Charcoal Blue vs Tea with Florence
Charcoal Blue is a Behr color while Tea with Florence comes from Little Greene. Hue-wise, Charcoal Blue belongs to the blue-grey family and Tea with Florence to the blue family. With LRVs of 19 and 18, they'll behave almost identically in terms of how much light they reflect back into a room. They share a blue quality — useful to know if you're layering them in the same space. At ΔE 8.6, the difference is perceptible but not dramatic — the two can work harmoniously in the same space. Below you'll find 2 real-room photo comparisons where both colors appear side by side, plus 5 simulated room previews.

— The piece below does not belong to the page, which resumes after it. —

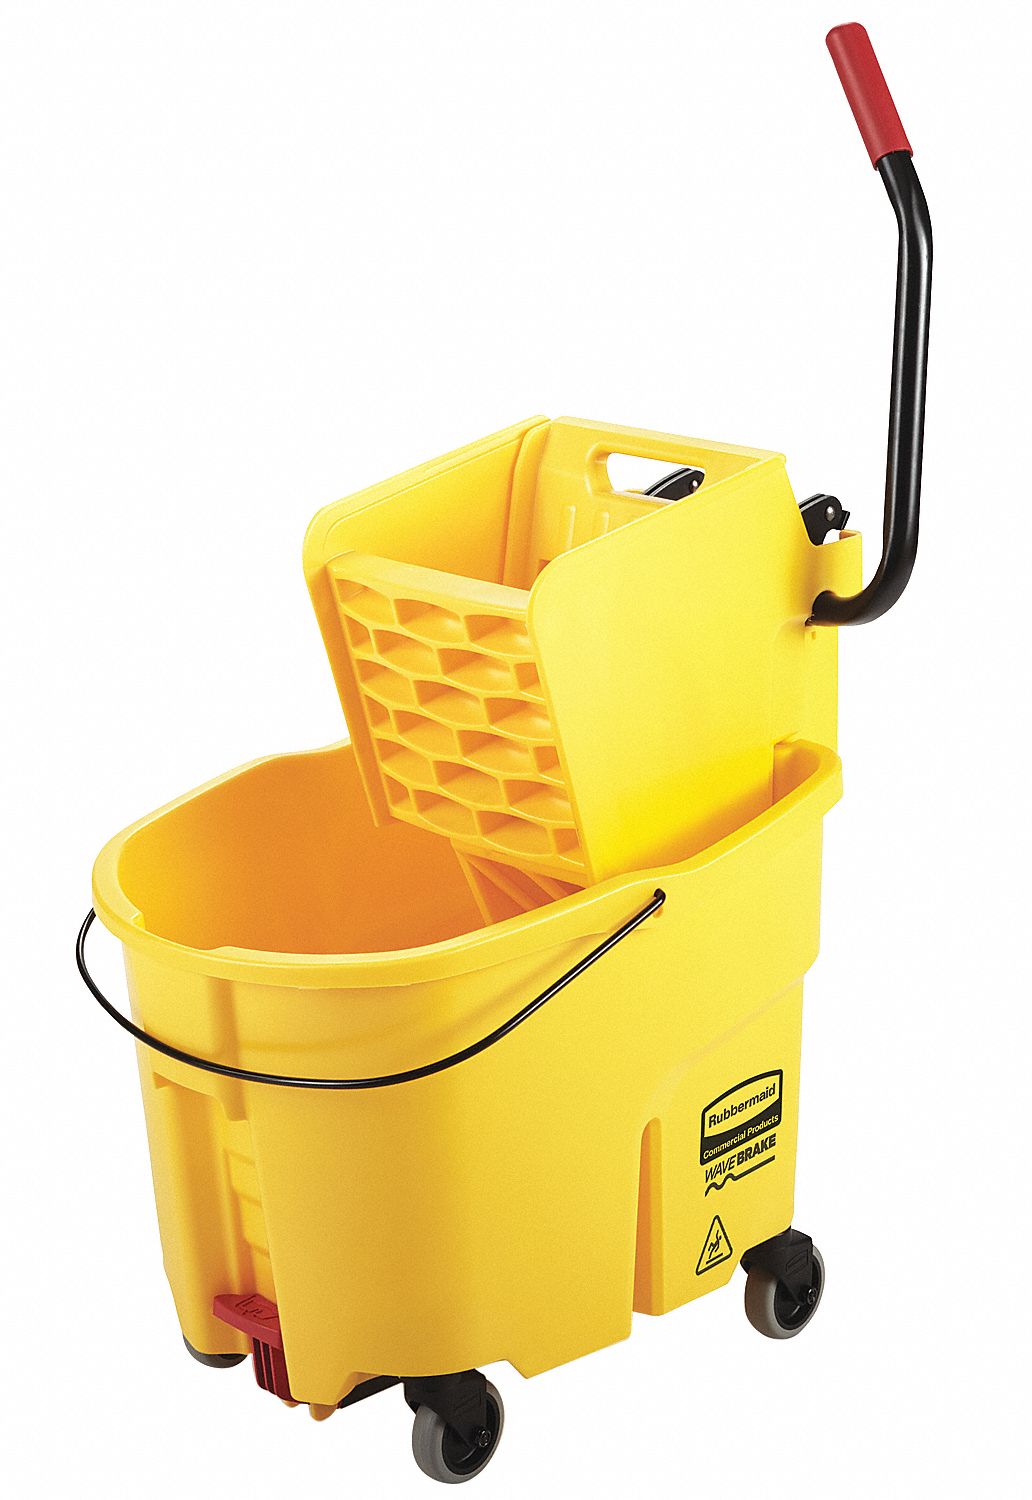 NEW 4 CASTERS FOR RUBBERMAID MOP BUCKETS
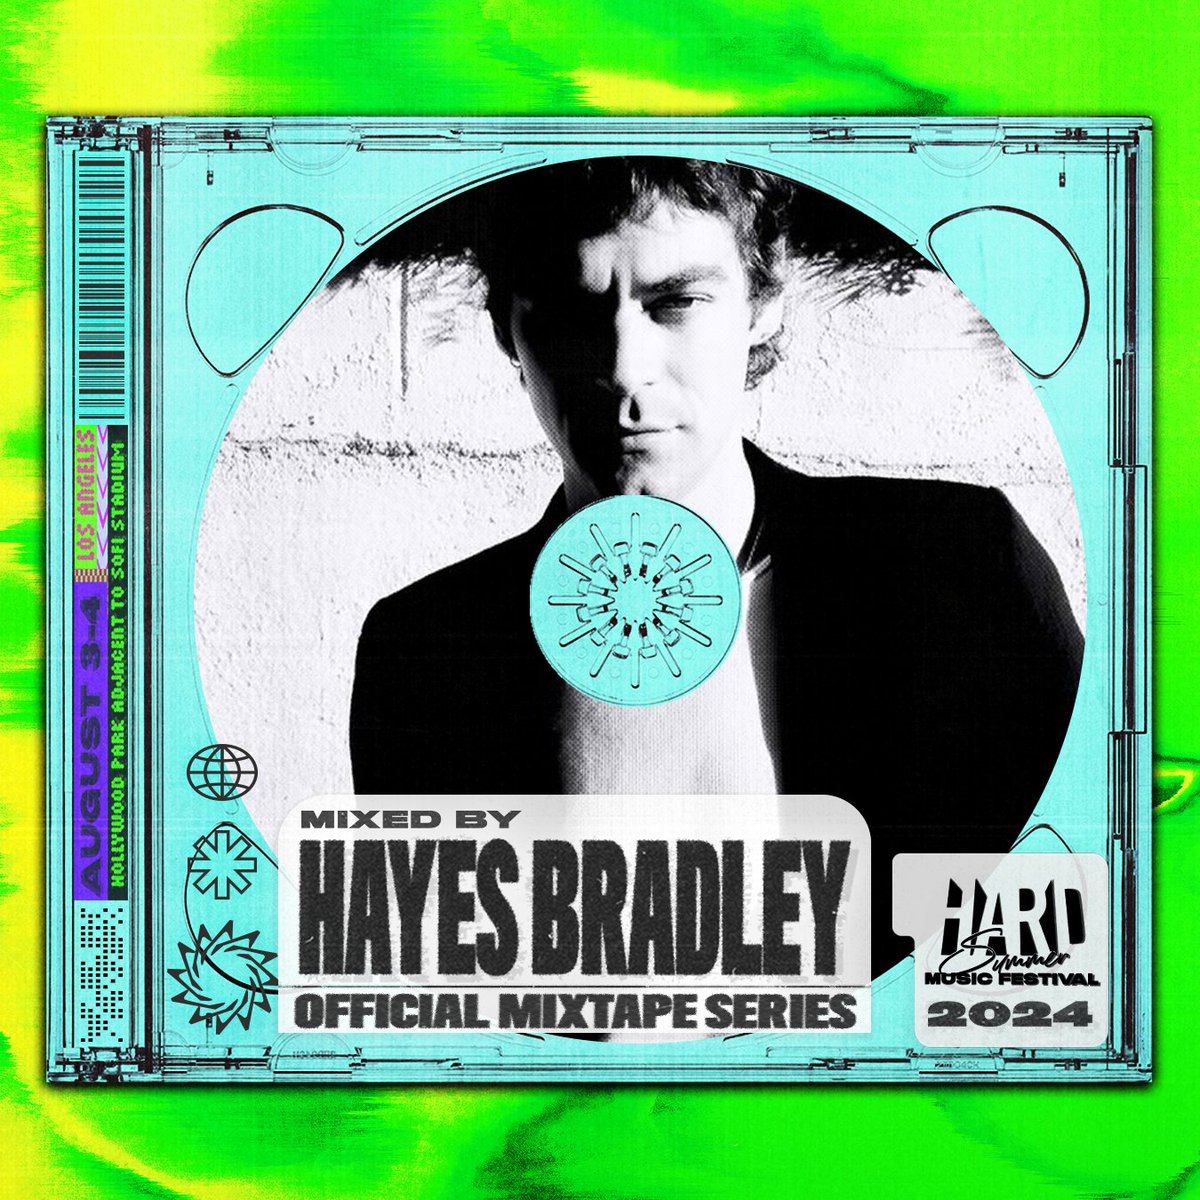 heyyy! time to bounce around to @hayesbradley_'s HSMF 2K24 mixtape! Tune in at hardfest.co/2k24-mixtapes

Charcoal Blue vs Tea with Florence in Real Spaces
2 real rooms side by side. Charcoal Blue and Tea with Florence are close enough that the difference can be hard to judge from a chip alone — these photos show how each reads at scale, across different spaces and lighting conditions.
Living Room
Living rooms test a color across a full range of conditions — morning sun, afternoon shade, and evening lamp light all shift how both of these read. At this scale, the choice between them becomes clear in a way that a swatch alone can't communicate.
Front Door
Front doors are seen in isolation against the rest of the facade, which makes them a high-stakes surface where even subtle differences matter. At this scale, the choice between them becomes clear in a way that a swatch alone can't communicate.
Color Details
Charcoal Blue vs Tea with Florence Simulated Comparison
5 simulated room previews — drag the slider on each to see Charcoal Blue on one side and Tea with Florence on the other.
Digital color is approximate. These simulations are generated from the manufacturer's hex values and overlaid on grayscale room photos — your screen's calibration, brightness, and viewing angle all affect how they render. Before committing to either color, test physical samples in your own space under the light you actually live with.
More Charcoal Blue comparisons
See how Charcoal Blue stacks up against other well-photographed colors across different brands and tones.